Response: We would like to thank the reviewer for their valuable feedback and constructive comments on our manuscript. We appreciate the positive assessment of our work and the recognition of its contribution to the field. Below, we provide detailed responses to each comment and describe the revisions made to enhance the clarity and quality of our manuscript.

  1. Line 78- Some error appeared

Response: We appreciate your observation. We have reviewed and corrected the cross reference error in line 78 to ensure clarity.

2. Line 158 Regarding pulverization process you stated that the freezing step, followed by repeated pulverization with intermittent re-cooling, ensured consistent particle size distribution in the resulting powder. Is this assumption or is experimentally confirmed?

Response: We appreciate the reviewer’s question regarding the pulverization process. The freezing step, followed by repeated pulverization, was experimentally validated in our previous work [Makridis et al. Composite magnetic 3D-printing filament fabrication protocol opens new perspectives in magnetic hyperthermia. J Phys D Appl Phys, 2023, 56, 285002. https://doi.org/10.1088/1361-6463/accd01.], cited as ref. 15 in the manuscript, where we detailed our protocol for extruding PLA filaments with nanoparticles. Specifically, we reported that maintaining the material below 0°C improves control over the grinding process, leading to a more uniform particle size distribution. Due to space constraints and refinements suggested by other reviewers, the revised manuscript now states: "A) Pulverization: Commercial PLA filaments (EasyFil, Tough, Premium) were manually cut and milled into fine powder, with intermittent freezing below 0°C to enhance particle uniformity." This sentence retains the essential information while streamlining the Methods section. If the reviewer believes additional clarification is needed, we are happy to further elaborate.

3. Line 170 What this sentence means, what is critical regarding lab drying oven at 70C?- Proper temperature control is critical to ensure proper drying and thus optimal filament properties during the extrusion process.
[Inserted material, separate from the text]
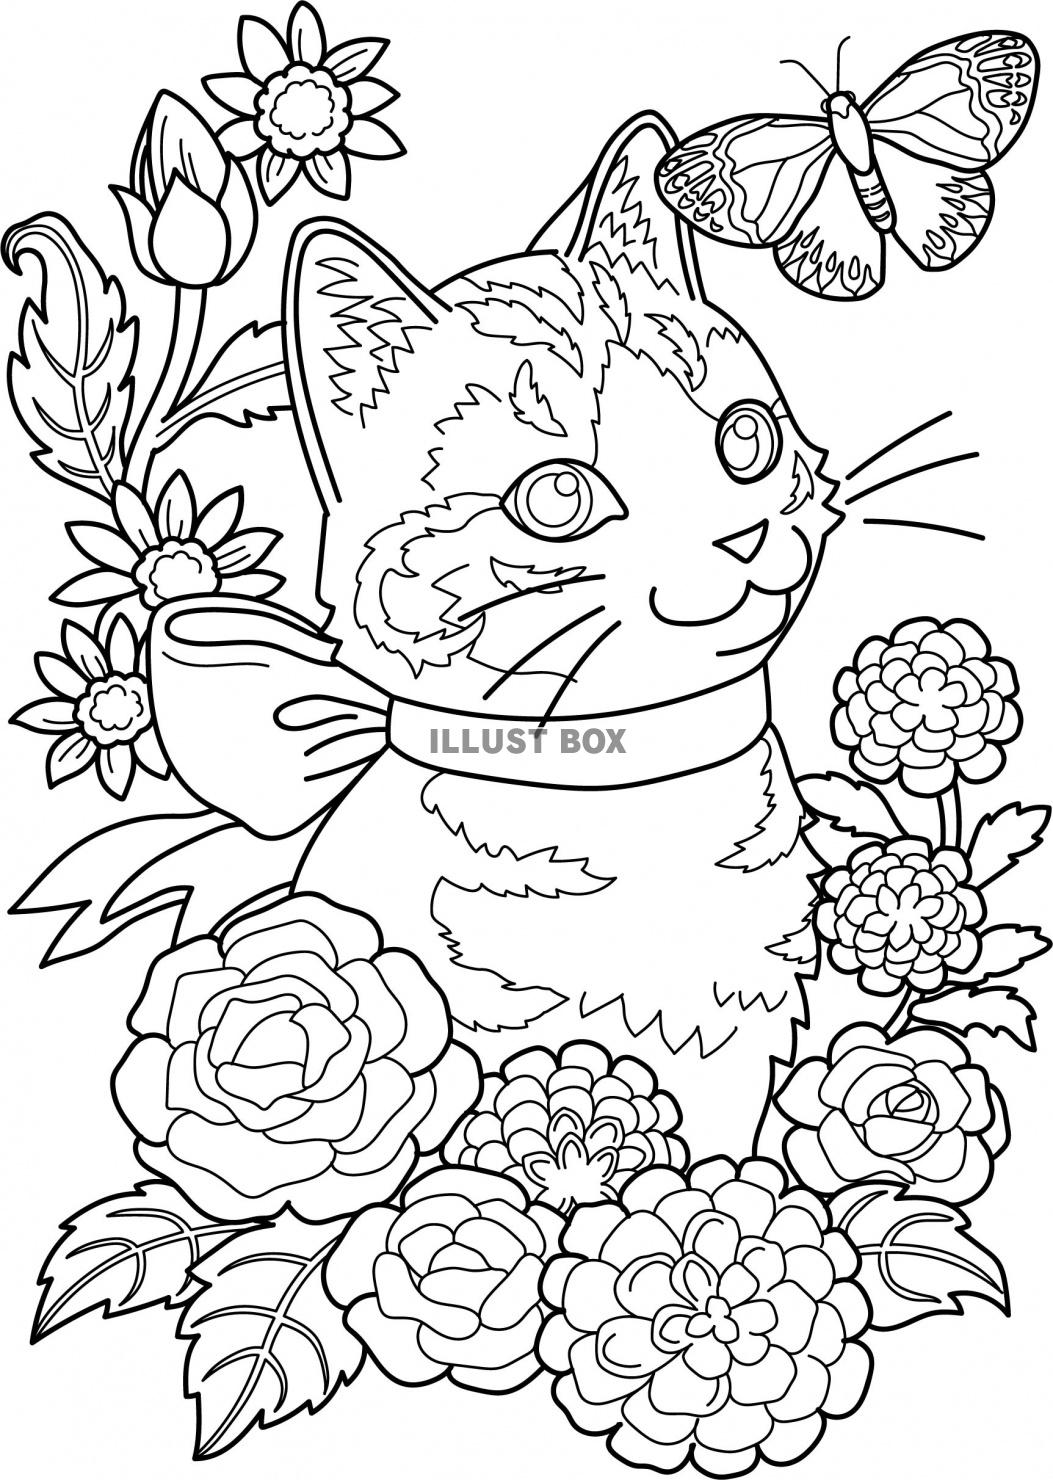 無料イラスト 猫と花と蝶の塗り絵
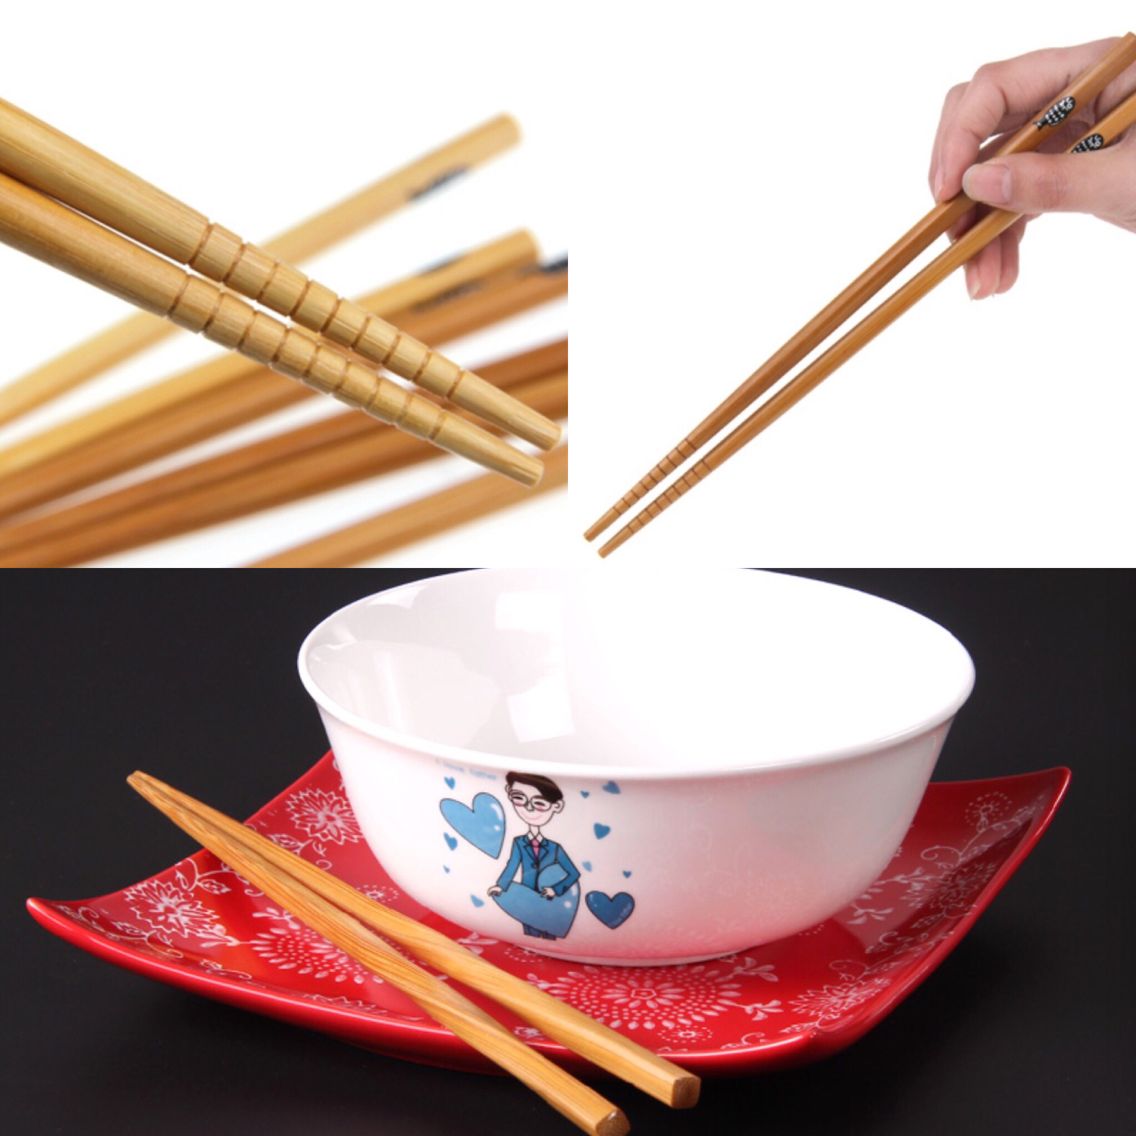 Sky blue chopsticks

Is this experimentally confirmed? I think it is redundant.

Response: We appreciate the reviewer’s feedback. The drying step at 70°C is essential to remove residual moisture before extrusion, as moisture can negatively impact the filament’s mechanical properties and extrusion quality. While this is a common practice in polymer processing, we have revised the sentence for clarity based on suggestions from both reviewers. The updated text now reads: "C) Drying: The composite was dried at 70°C for 1 hour to remove moisture before extrusion." This revised version maintains the key information while improving clarity and conciseness. We hope this addresses the reviewer’s concern.
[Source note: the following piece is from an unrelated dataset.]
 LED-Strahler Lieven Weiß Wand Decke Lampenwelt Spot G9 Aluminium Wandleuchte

4. How do you mix milled PLA with magnetite NPS? Do you use any protocol to prevent or lower already present agglomeration of MNPs?

Response: We appreciate the reviewer's question regarding the mixing process and the control of magnetite nanoparticle (MNP) agglomeration. The preparation of composite filaments follows a well-established protocol [Makridis et al. Composite magnetic 3D-printing filament fabrication protocol opens new perspectives in magnetic hyperthermia. J Phys D Appl Phys, 2023, 56, 285002. https://doi.org/10.1088/1361-6463/accd01.], cited as ref. 15 in the manuscript, that ensures homogeneous dispersion of MNPs within the PLA matrix. We ensure homogeneous MNP dispersion by first grinding PLA into granules (~5 mm) and dry-mixing with MNPs. The mixture undergoes controlled extrusion at 10 rpm, where shear forces aid uniform distribution. An automatic filament winder with a laser micrometer ensures consistency. To further reduce agglomeration, the filaments are reground and re-extruded at least three times, following our established protocol. Finally, they are dried at 70°C for 12 hours to prevent moisture-induced clustering, ensuring uniform composite filaments with reproducible properties.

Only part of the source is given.